BEGIN Available data

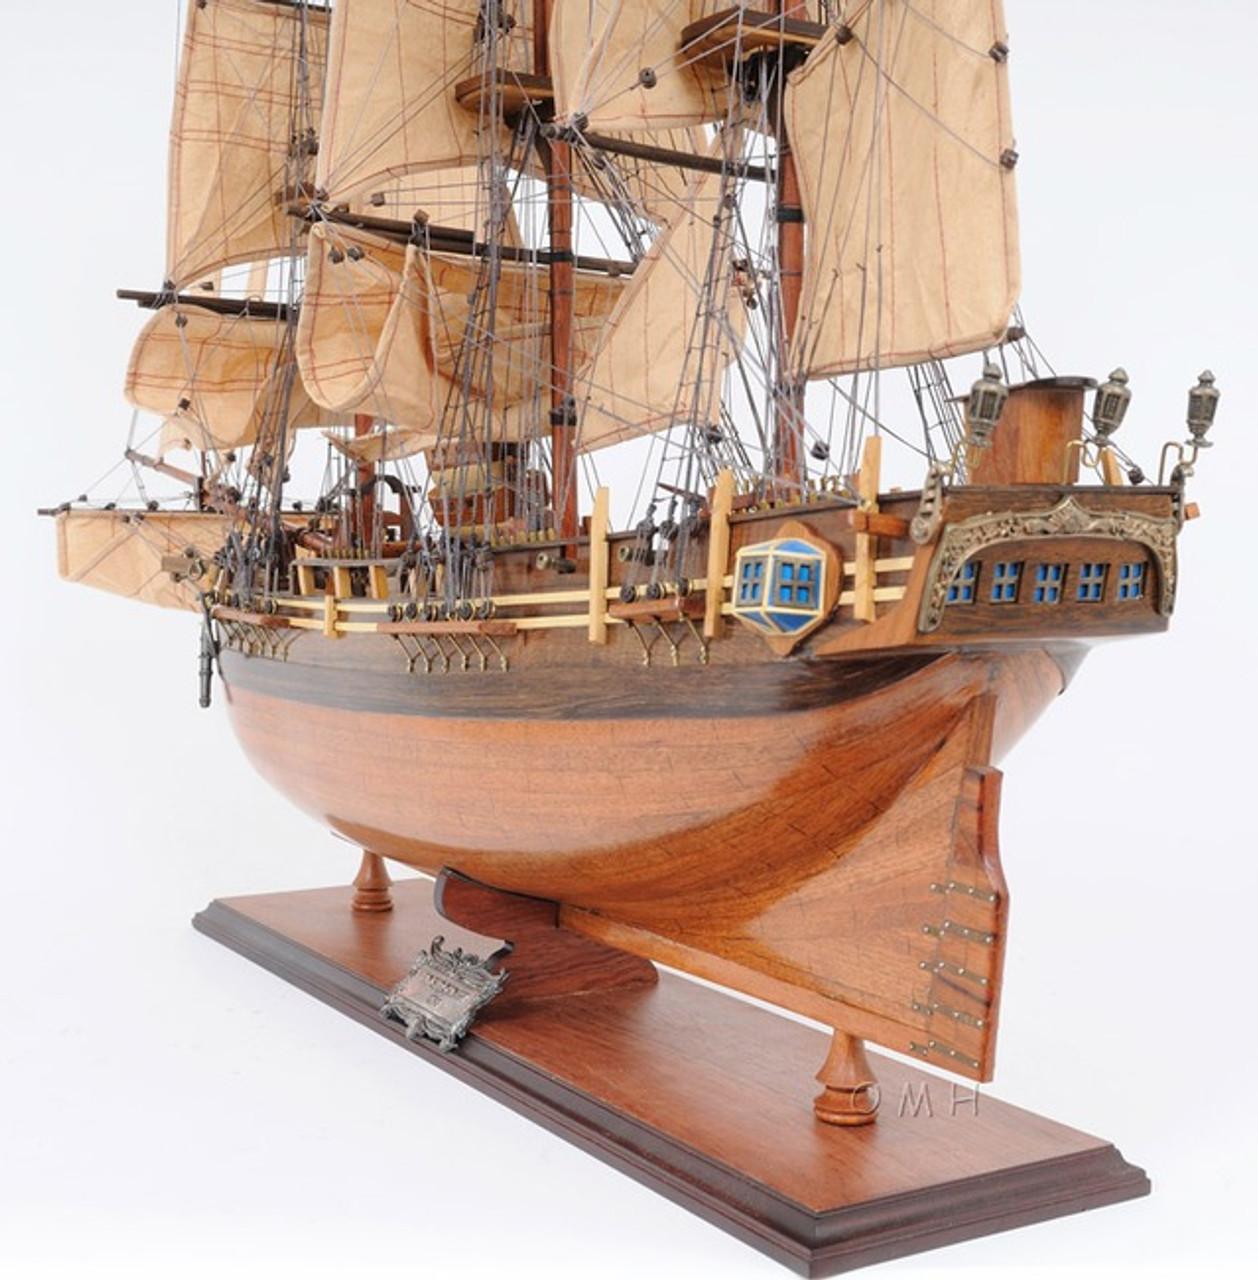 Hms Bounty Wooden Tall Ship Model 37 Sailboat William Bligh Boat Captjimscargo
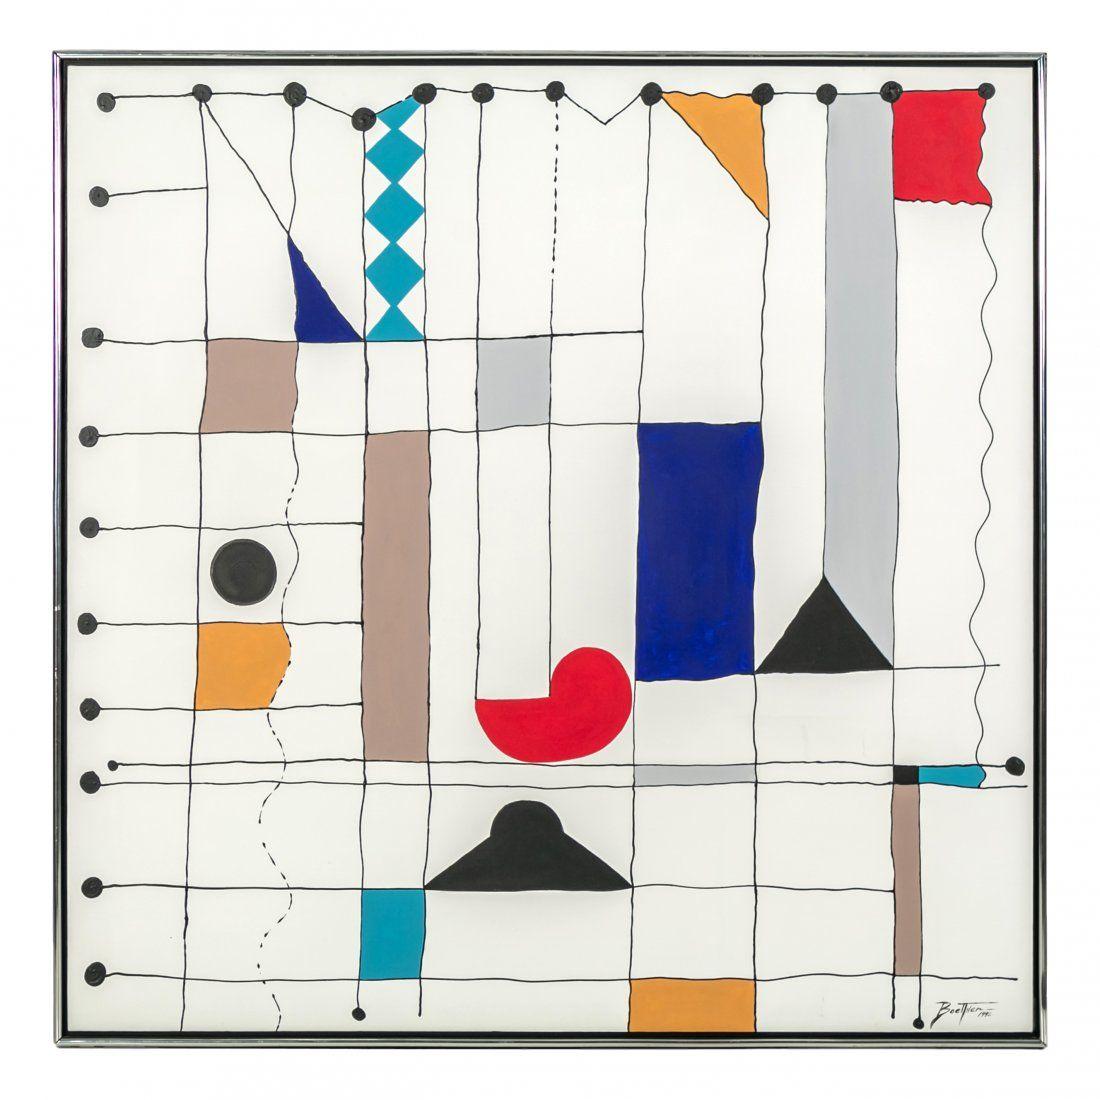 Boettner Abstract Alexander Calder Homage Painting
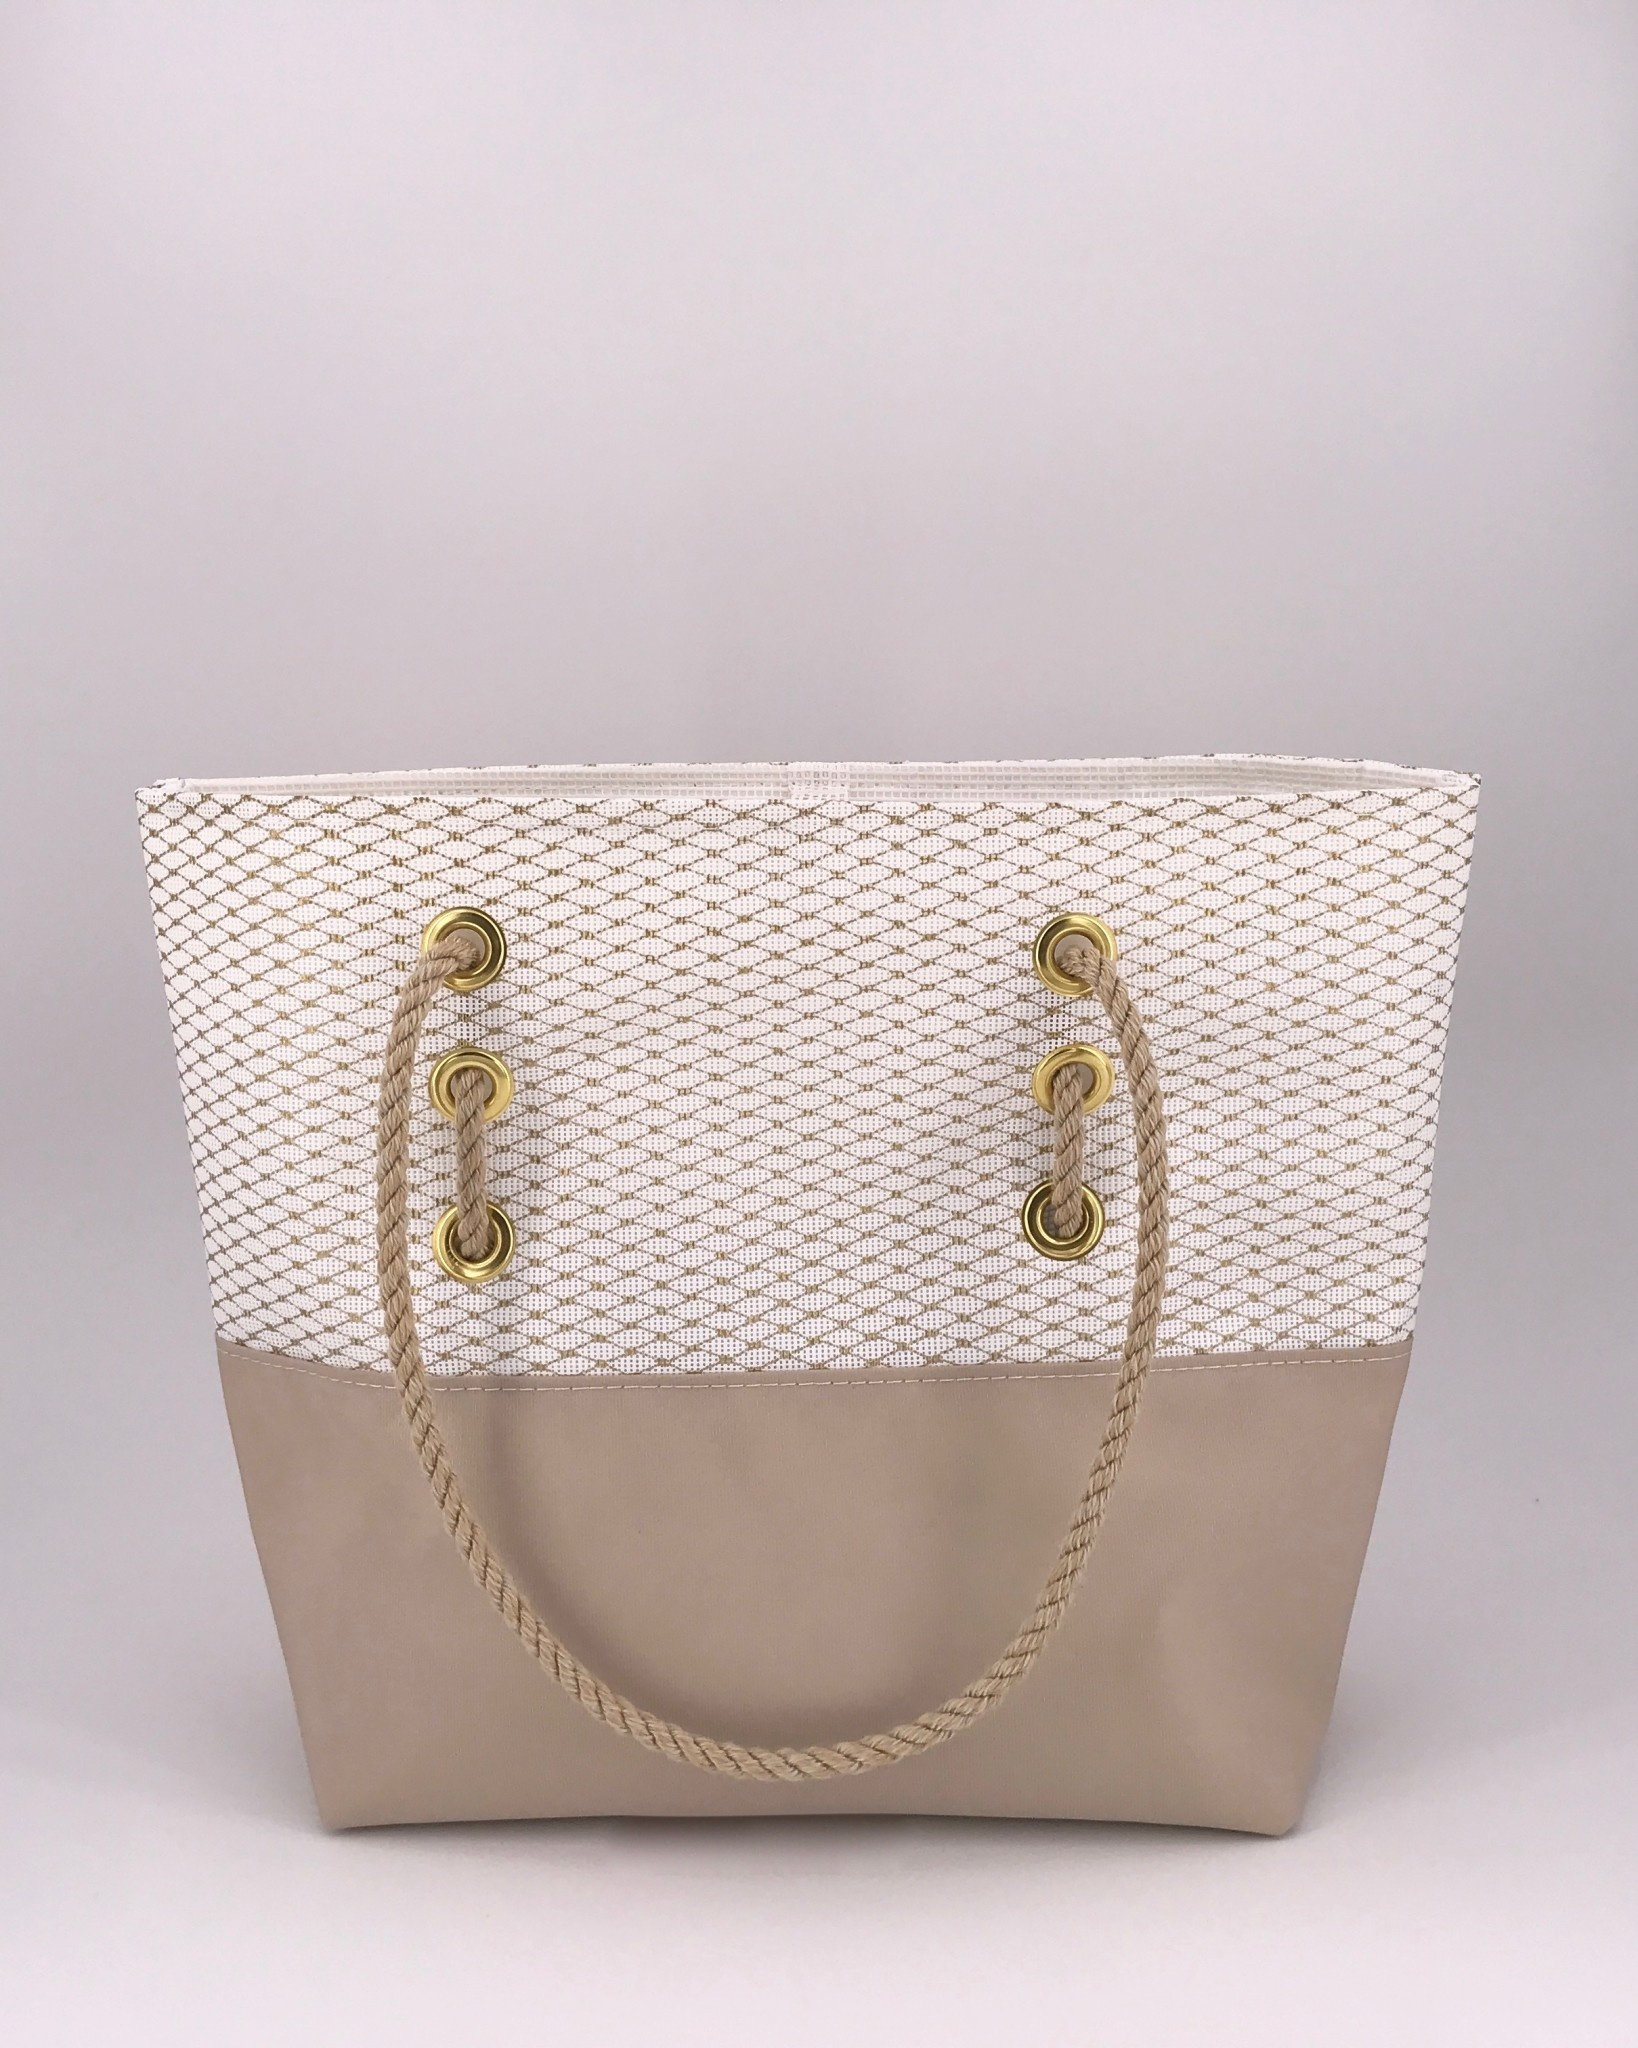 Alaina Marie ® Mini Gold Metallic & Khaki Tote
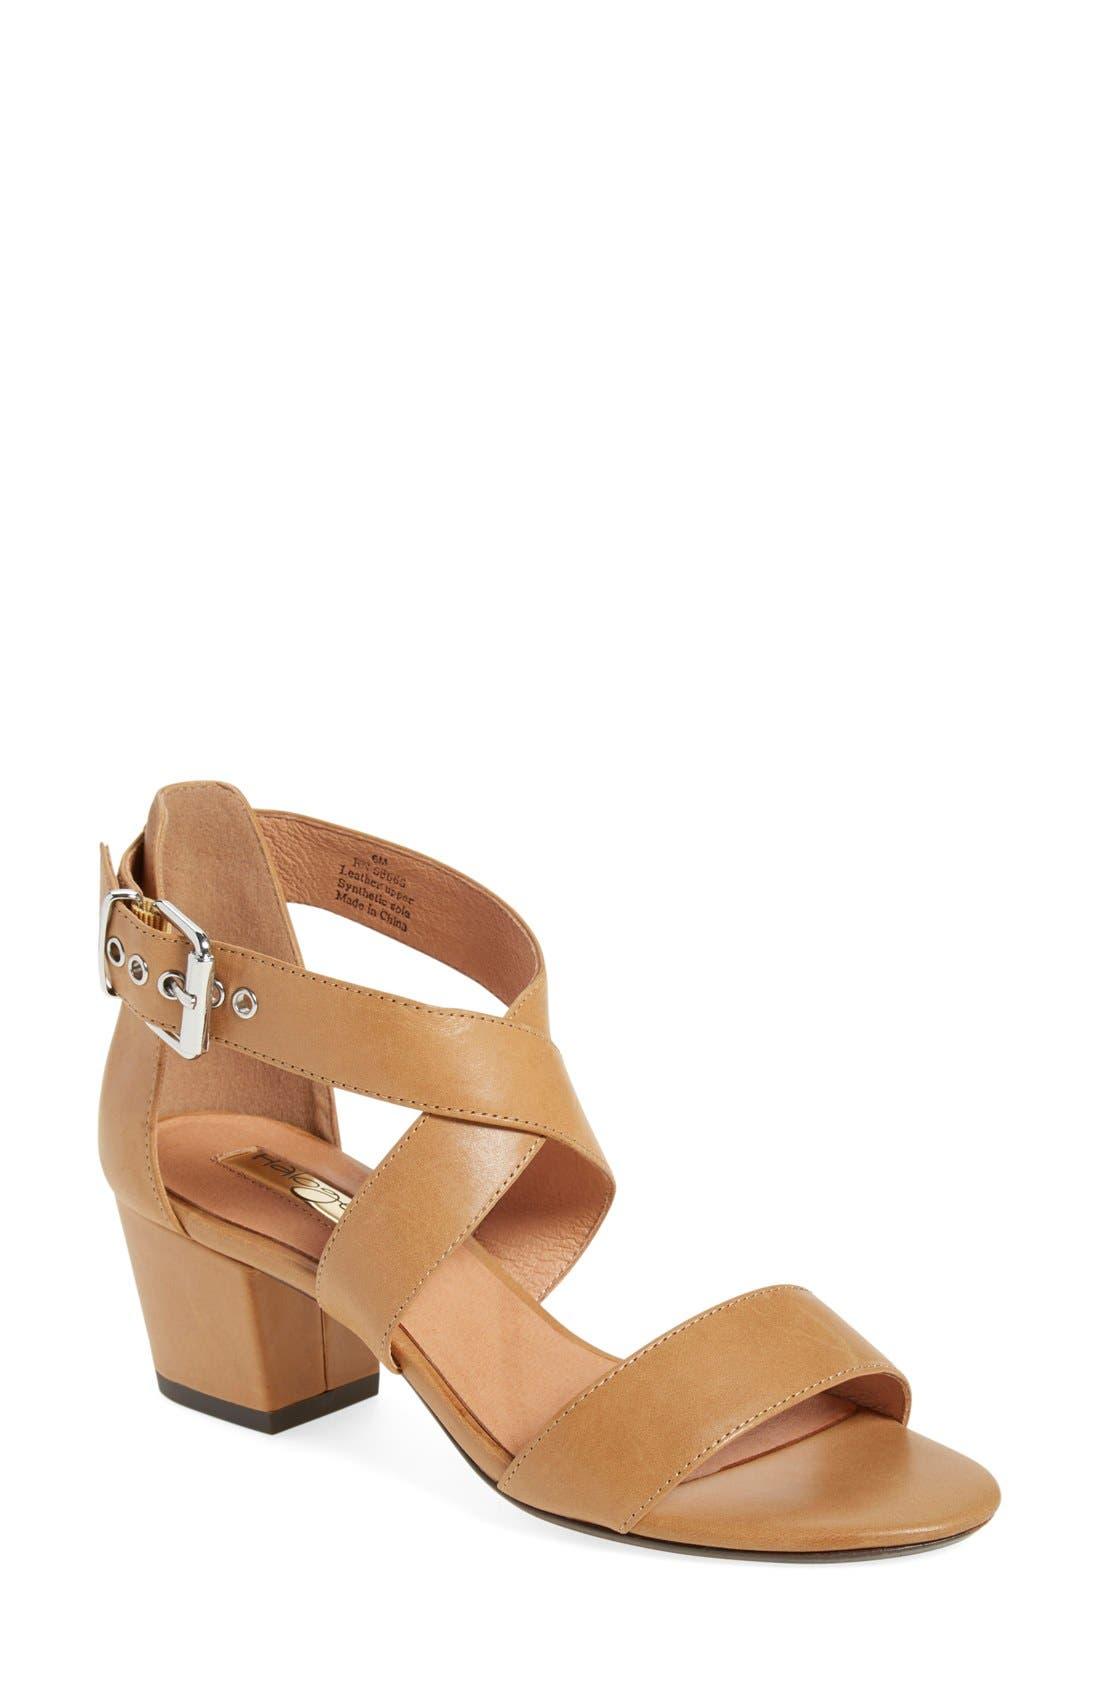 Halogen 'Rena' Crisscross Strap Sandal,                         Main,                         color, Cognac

END Available data

▸ Work instructions
Pictures do not belong in the copy. Repeat exactly each line from the one with "Alaina Marie ®" through the end of the listing.

▸ Task answer
 Alaina Marie ® Mini Gold Metallic & Khaki Tote
 Halogen 'Rena' Crisscross Strap Sandal,                         Main,                         color, Cognac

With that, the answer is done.